Since these deficiencies occur years after RT, regular screening is essential. We suggest conducting hormonal evaluations every 6–12 months post-RT for the first 5 years after RT and every 2–3 years thereafter. In the first five years, GH deficiency, hypothyroidism, ACTH deficiency, and gonadotropin deficiencies should be evaluated due to their high incidence (179,182-184). Long-term follow-up of these deficiencies is also recommended since they may present later.

There are several tests indicated to evaluate hormone deficiencies post-RT. Insulin-like growth factor 1 (IGF-1) levels are used to screen for GH deficiency (185,186). Low IGF-1 levels are associated with GH deficiency, but dynamic testing, such as the insulin tolerance test or GH-releasing hormone plus GH-releasing peptide-6 test, is necessary for confirmation (185,186). TSH and free thyroxine (fT4) are used to identify central hypothyroidism. A low fT4 combined with abnormally low or normal TSH indicates central hypothyroidism (187).

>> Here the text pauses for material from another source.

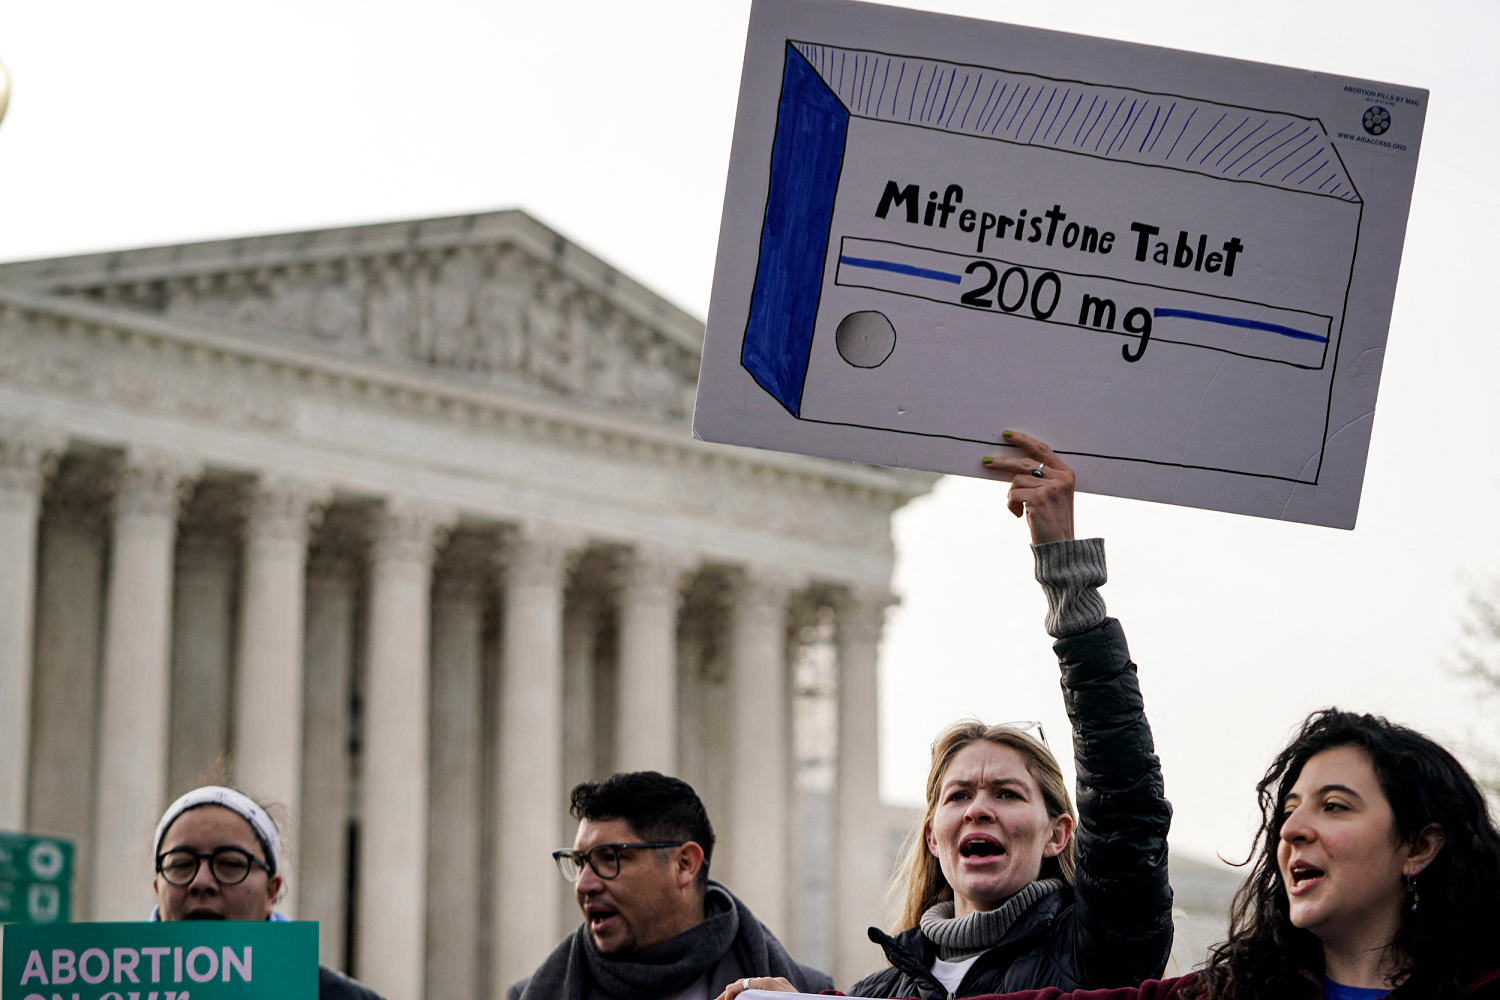 Supreme Court justices question 'conscience objections' in abortion pill case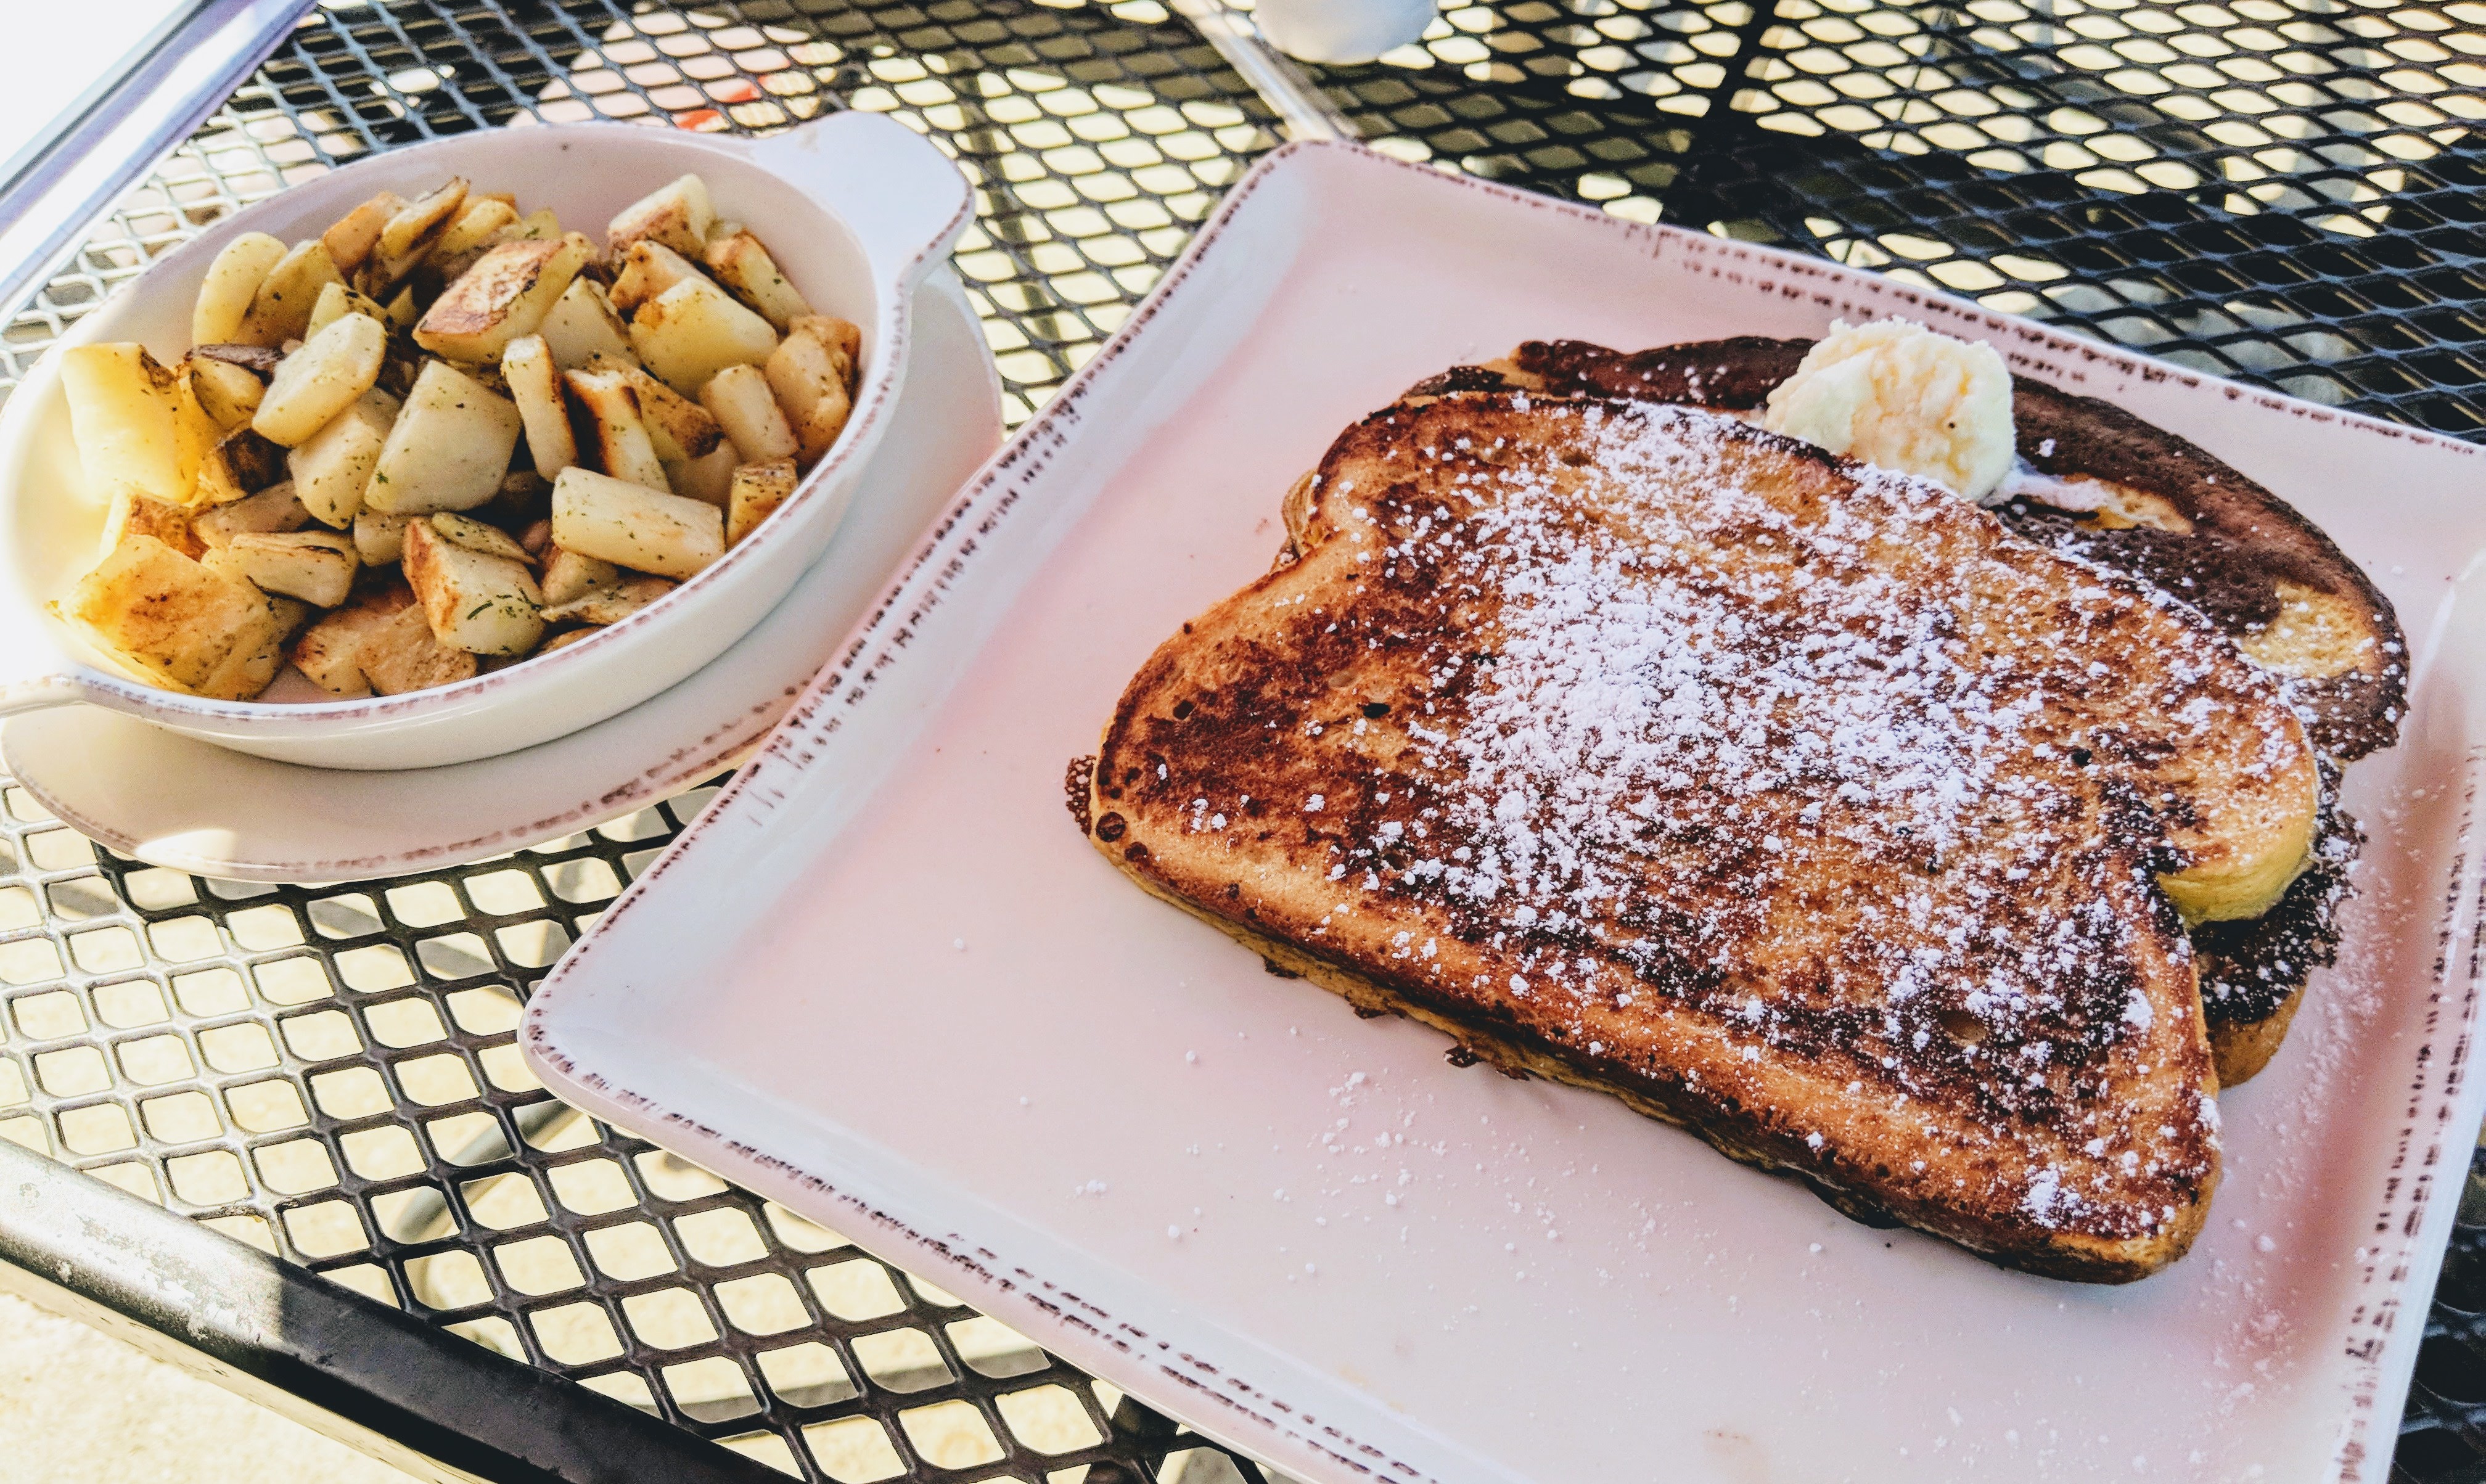 French Toast at The Egg & I

ACTH deficiency is determined by the ACTH stimulation test using a standard dose (250 µg) of corticotropin. A peak cortisol level under 18 µg/dL at 30–60 minutes suggests adrenal insufficiency (188). Finally, low levels of LH and FSH in the absence of increased sex hormones suggest hypogonadotropic hypogonadism (189).

Hormone replacement is the treatment of choice for endocrine dysfunction. Recombinant human GH is used to treat GH deficiency. The recommended starting dose is 0.3 mg/day and it can be adjusted based on IGF-1 levels and clinical response (183). In hypothyroidism, treatment with levothyroxine is indicated when TSH is greater than 10 mIU/L or fT4 is less than 0.8 ng/dL (187). Adrenal insufficiency should be treated with hydrocortisone with a starting dose of 15–25 mg/day divided into 2–3 doses, with the morning dose higher than the other doses (187). Gonadotropin deficiency is treated with testosterone replacement therapy for males and estrogen and progesterone replacement therapy for females with hypogonadism. Progesterone must be added to protect against endometrial hyperplasia in women with an intact uterus (181).

Secondary malignancy

RT causes direct and indirect damage to the DNA of both cancer and healthy cells, which increases the long-term risk of secondary malignancies (21,118,120). Risk factors for the development of secondary malignancies after cranial RT are RT dose, younger age at the time of RT, and the time elapsed since the completion of RT (190,191). In a study of patients with histories of pediatric CNS neoplasms, cranial doses of 50 Gy or more were associated with a 7.1% incidence of new CNS neoplasms within 25 years of RT as compared to 5.2% for those who received less than 50 Gy and 1% for patients who did not receive RT (190).

Secondary malignancies present many years after the completion of RT. A meta-analysis reported a mean time to diagnosis of secondary glioma after RT of 9 years (192). Cranial RT for pituitary adenomas is associated with a 10.5-fold increase in the risk of a secondary brain tumor after 20 years (193). Among children who had acute lymphoblastic leukemia, the risk of secondary neoplasms was 3.5% in those who received cranial RT, compared to 1.2% in those who did not (194). Similarly, another study showed that the risk of secondary brain tumors after the initiation of RT was 2% at 10 years and 2.4% at 20 years (193). A study of childhood survivors of CNS malignancies, with nearly half having received RT, indicated that the risk of secondary malignancies could increase to 6.4% over 30 years (195). The most common secondary malignancies following cranial RT are meningiomas and gliomas (196,197).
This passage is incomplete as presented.